Review by Frank Plowright
Reading the first two years of Thor’s strip, taking him from his 1962 introduction to 1964, it’s surprising how poor many of the early efforts are. It’s not just a lack of inspiration, but really dull writing, with Stan Lee leaving the scripting of his repetitive and hardly sparkling plots to Larry Lieber and Robert Bernstein. The best that can be found in the opening third of the book is Jack Kirby’s always thrilling art, and within that a willingness to take a chance. Consider Thor’s long hair. Thor had a 1950s spiritual predecessor in Angel of Boys’ Ranch, then a decade in Kirby’s past (and a 1970s successor in Kamandi), but this was five years before hippy culture in the USA, and a couple before the Beatles and their slightly longer styles, yet it worked despite the conservative times. How would it have looked under other artists not able to match the design with raw power? Probably not as good.
As he did in all his early superhero strips, Lee introduced an element of unrequited and complicated love, here seemingly taking Superman, Lois Lane and Clark Kent as inspiration. Jane Foster’s fond of her employer Doctor Don Blake, who’s also Thor, something he can’t reveal, so he always disappears in times of danger in order to transform. Jane swoons at the heroic identity, while Thor/Blake loves her in either guise. Matters are complicated by Odin, ruler of Asgard, forbidding his son to love a mortal, not understanding that love transcends royal decree. As characterised here, Odin’s an ill-tempered buffoon, all-powerful, yet easily manipulated by Loki and prone to tantrums.
It’s the commitment to Asgard and its mythology at about the halfway point that transforms Thor’s feature, removing him from the communists and gangsters dealt with by his contemporary Marvel heroes into grandeur and myth. Lee finding the time to consider his plots more, and taking over the dialogue also helps, and he and Kirby begin to pack in an awful lot in thirteen page plots. It’s possibly a matter of personal preference, but many of these stories having Chic Stone ink Kirby’s pencilled pages gives them a gloss that would diminish even as Kirby became more ambitious with the look of his lead feature, but under other inkers. The way toward that art is seen in the back-up strips investigating Asgardian mythology where Kirby reduces his panels per page from nine to four, with a resulting magnificence that survives some second rate inking in places.
By the end of this collection the foundations that would see Thor through decades of comics have been laid. We’ve been introduced to Asgardians Balder, Enchantress, Executioner, Heimdall, Loki and Odin, the back-up strips often explaining more about them, and villains the Cobra, the Grey Gargoyle and Mister Hyde have made their début. Thor’s still a little light in that regard, but the following When Titans Clash fixes that problem.
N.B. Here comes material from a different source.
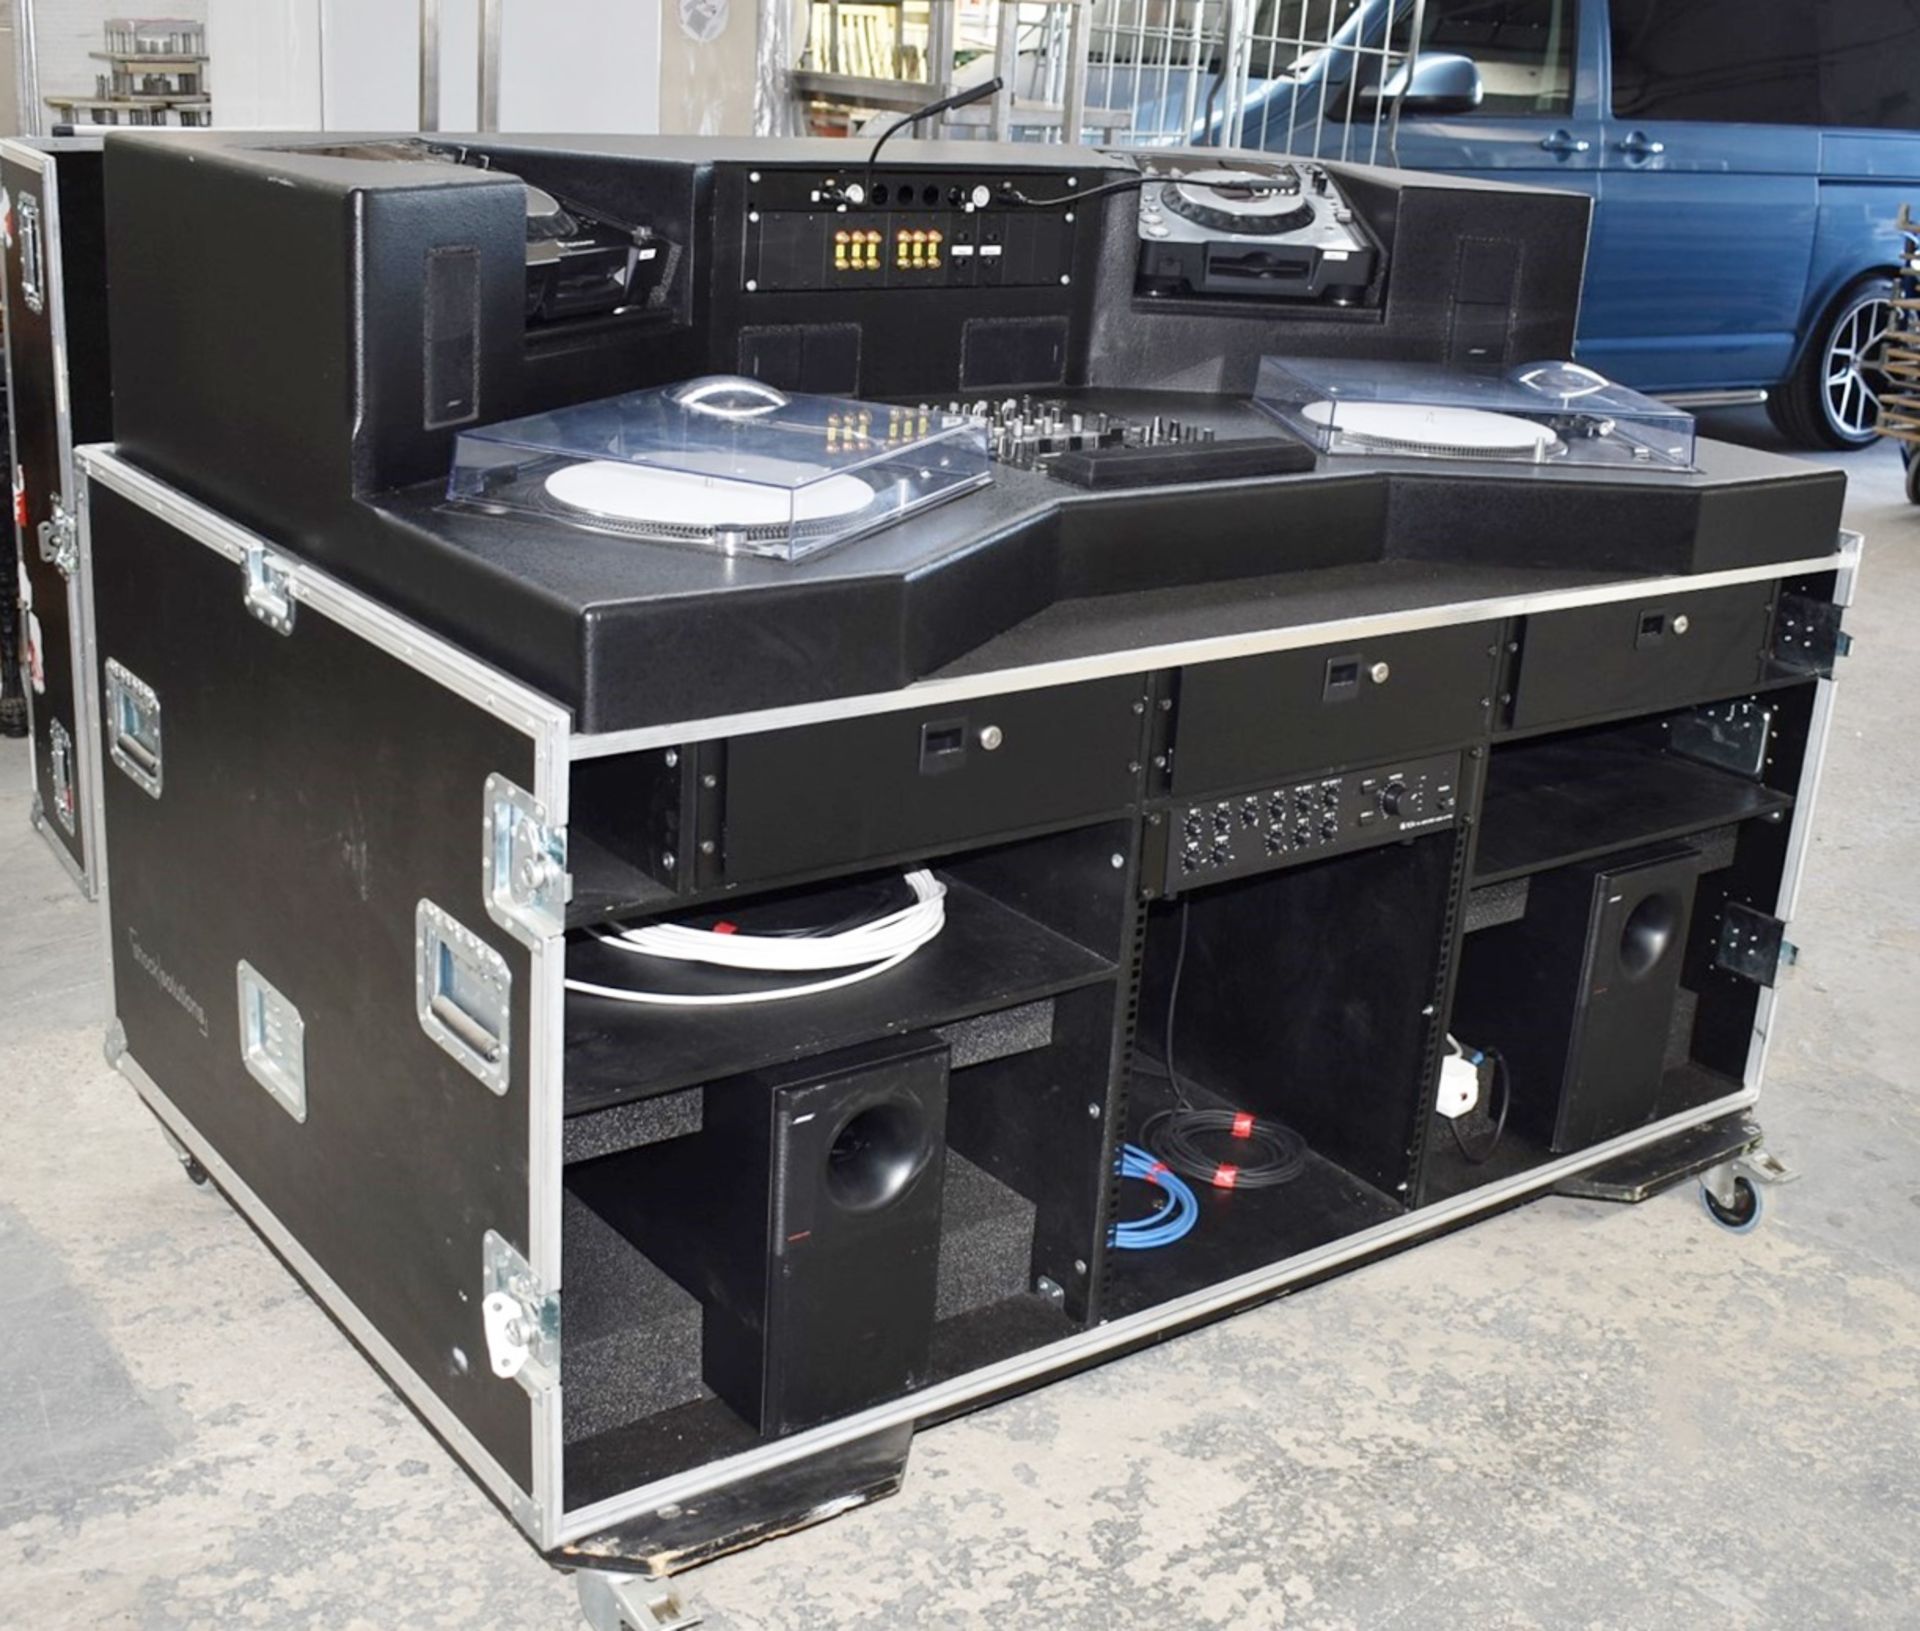 1 x Mobile DJ Booth in Shock Solutions Flight Case - Features Equipment By Pioneer, Technics & Bose! - Image 3 of 95
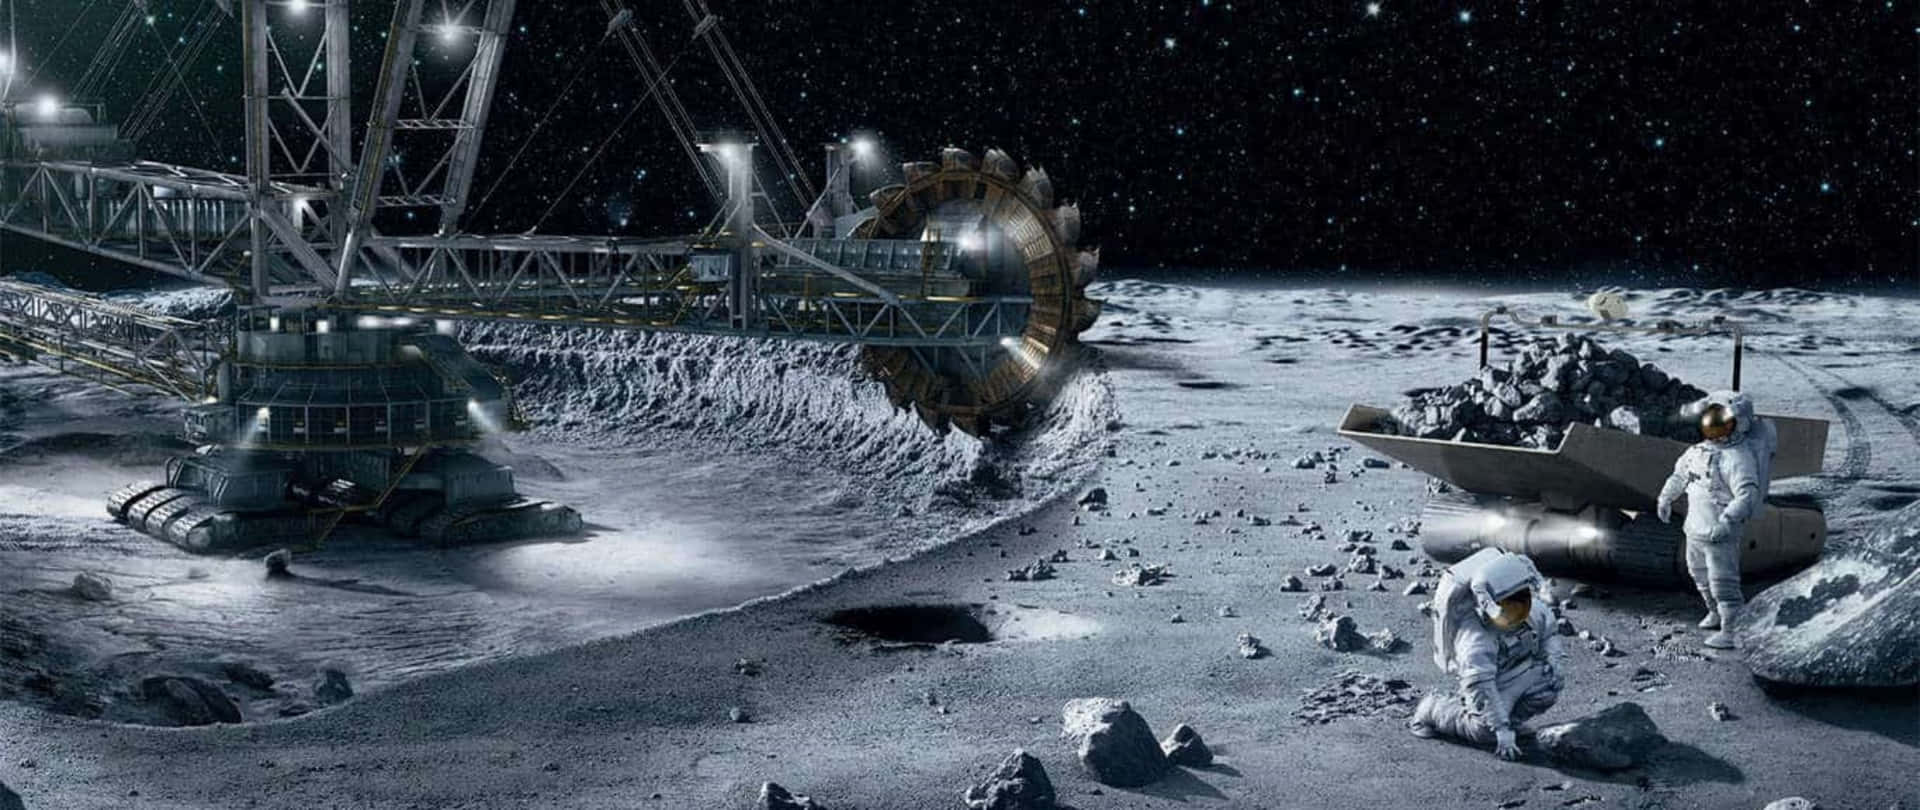 Excavator in Space: Unearthing the Future of Mining Wallpaper

Starting with the cheapest of the alternative books featuring the same content, it’s available in black and white as Essential Thor Volume 1. The remaining books are all hardcover. Marvel Masterworks: Thor volumes 1 and 2, has the content, and it’s also available with When Titans Clash as The Mighty Thor Omnibus. That also features a lot of back up material, including Lee’s discursive essay about how Thor was created, the letters pages from the original comics, and a massive selection of covers from when the stories were reprinted in other comics.